Con ciò non voglio dire che la situazione non sia preoccupante, voglio dire che senza una corretta contestualizzazione è difficile che il pubblico capisca esattamente di cosa si tratta.
Contestualizzare significa dare gli strumenti, a chi legge o chi ascolta, per capire il fenomeno. È importante, ad esempio, spiegare come si compone la cifra di questi 320 mila decessi. In buona sostanza: quanti sono stati i morti direttamente causati dalla pandemia e quanti i decessi dovuti a gravi malattie pregresse? La differenza: “con Covid o da Covid” non è un dettaglio da poco.
Senza questa specificazione manca l’obiettività dell’informazione.
I ricercatori della Tufts University, negli Stati Uniti, hanno studiato 900’000 casi di pazienti ricoverati nel 2020 perché, apparentemente, affetti da Coronavirus. La loro conclusione è stata che tre quarti dei pazienti ricoverati erano affetti da altre gravi malattie che nulla avevano a che vedere con la pandemia. Per la precisione, il 30,2 per cento dei pazienti soffriva di obesità, il 20,5 per cento di diabete, il 26,2 per cento di pressione alta e l’11,7 per cento di gravi malattie cardiovascolari.
Senza queste patologie preesistenti, hanno sostenuto i ricercatori della Tufts University, tutte queste persone colpite dal Coronavirus non avrebbero avuto bisogno di un ricovero (“Study Estimates Two-Thirds of COVID-19 Hospitalisations do to four conditions”).
La professionalità avrebbe, peraltro, imposto, a giornaliste e giornalisti, di informare sul fatto che, secondo i dati sanitari europei, il tabagismo, l’obesità, la mancanza di esercizio fisico e la cattiva alimentazione, uccidono più del Covid-19. Senza contare che in Africa, ogni anno, cento volte più persone, rispetto a tutti i morti di Covid-19, soccombono a causa della tubercolosi, della malaria e delle conseguenze della malnutrizione.
Ciononostante, per più di un anno, il Coronavirus è stato presentato come il problema numero uno dell’umanità suffragato da cifre e numeri, quotidianamente snocciolati in modo acritico, da giornali, radio e televisioni di tutto il mondo.

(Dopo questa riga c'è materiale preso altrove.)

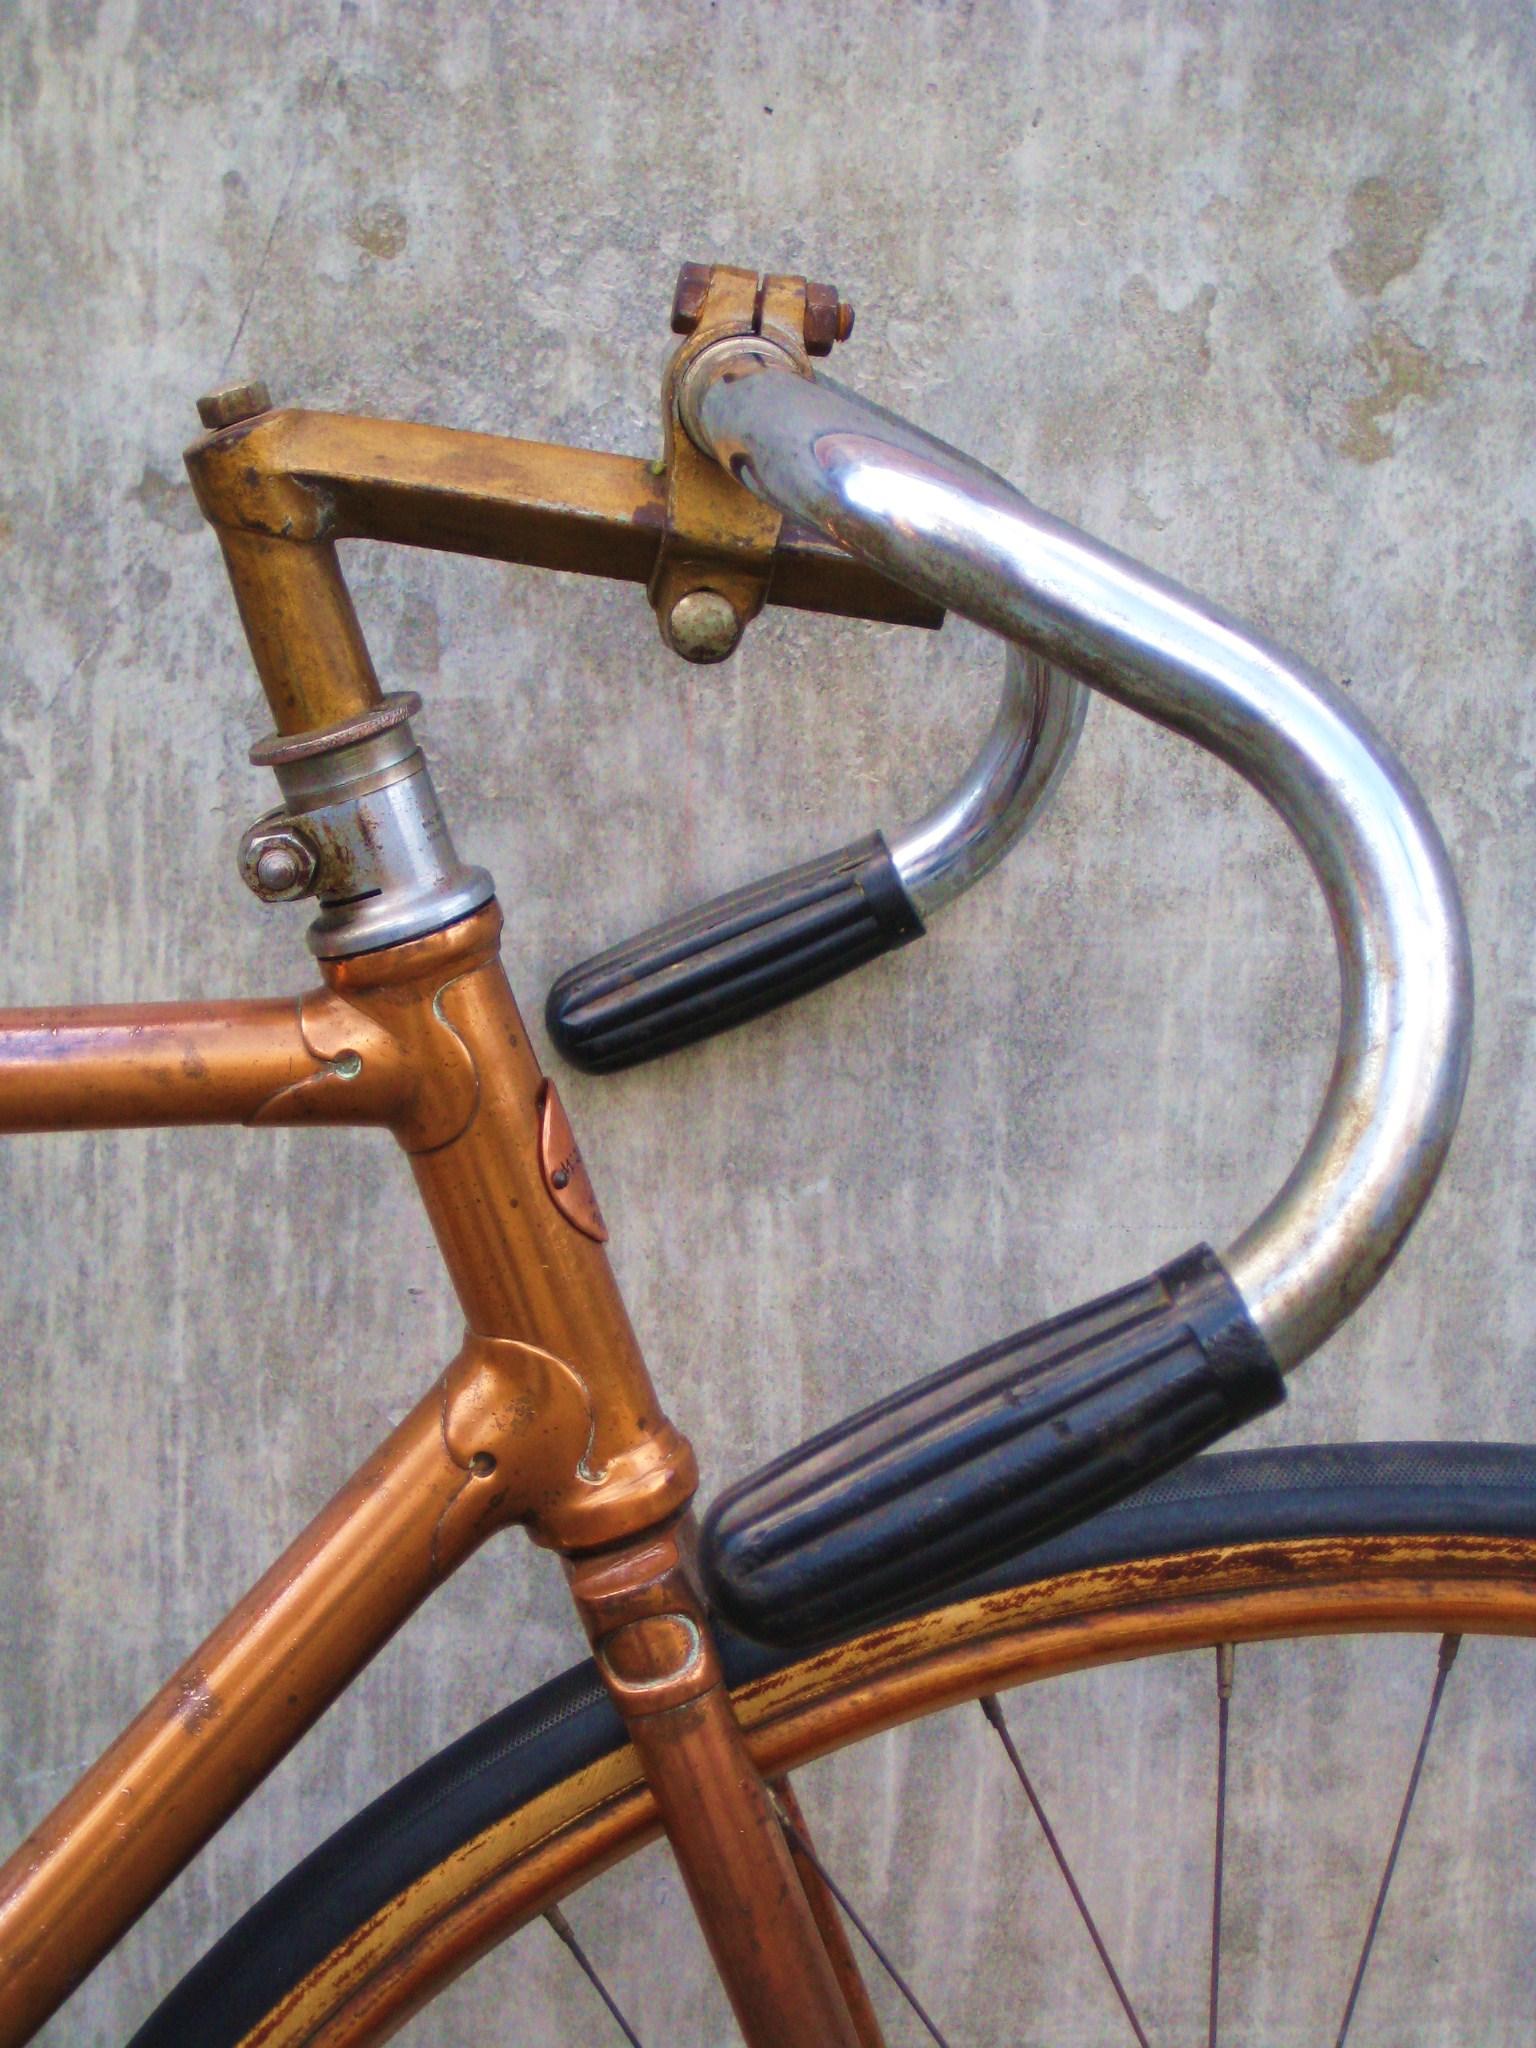 Rare 1925 Copper Plated Appelhans Track Bike Classic

Ma c’è di più: l’isolamento, a cui sono stati costretti molti stati del Sud del mondo, a causa degli scenari catastrofici, che poi si sono rivelati assolutamente esagerati, ha parzialmente causato il crollo dell’economia informale in questi stessi paesi. Le conseguenze sono l’aumento della miseria, della fame e dei decessi che vanno ben oltre ciò che il virus avrebbe mai potuto causare. Ci sono ottimi di studi sull’argomento, realizzati da prestigiose università e da organizzazioni di aiuto allo sviluppo. Come giornalisti, bisognerebbe prendersi il tempo di leggerli, per farsi un’idea di quanto sia complesso il fenomeno. Invece, spesso, ci si accontenta di ripetere meccanicamente le cifre e le statistiche propinate dalle autorità sanitarie e dai governi. Si tratta sicuramente di un modo molto comodo ma che non rende giustizia all’informazione.
Intendiamoci! Non si tratta di banalizzare la pandemia che è senza dubbio pericolosa, soprattutto per i soggetti in età avanzata e con gravi malattie. Infatti, una persona anziana su cinque può morire a causa del virus. D’altra parte, il tasso di mortalità per gli under 20 senza malattie pregresse è lo 0,00004%, una percentuale appena misurabile. Per i giovani sani, un’infezione di questo tipo è pericolosa quanto farsi un giro in bicicletta.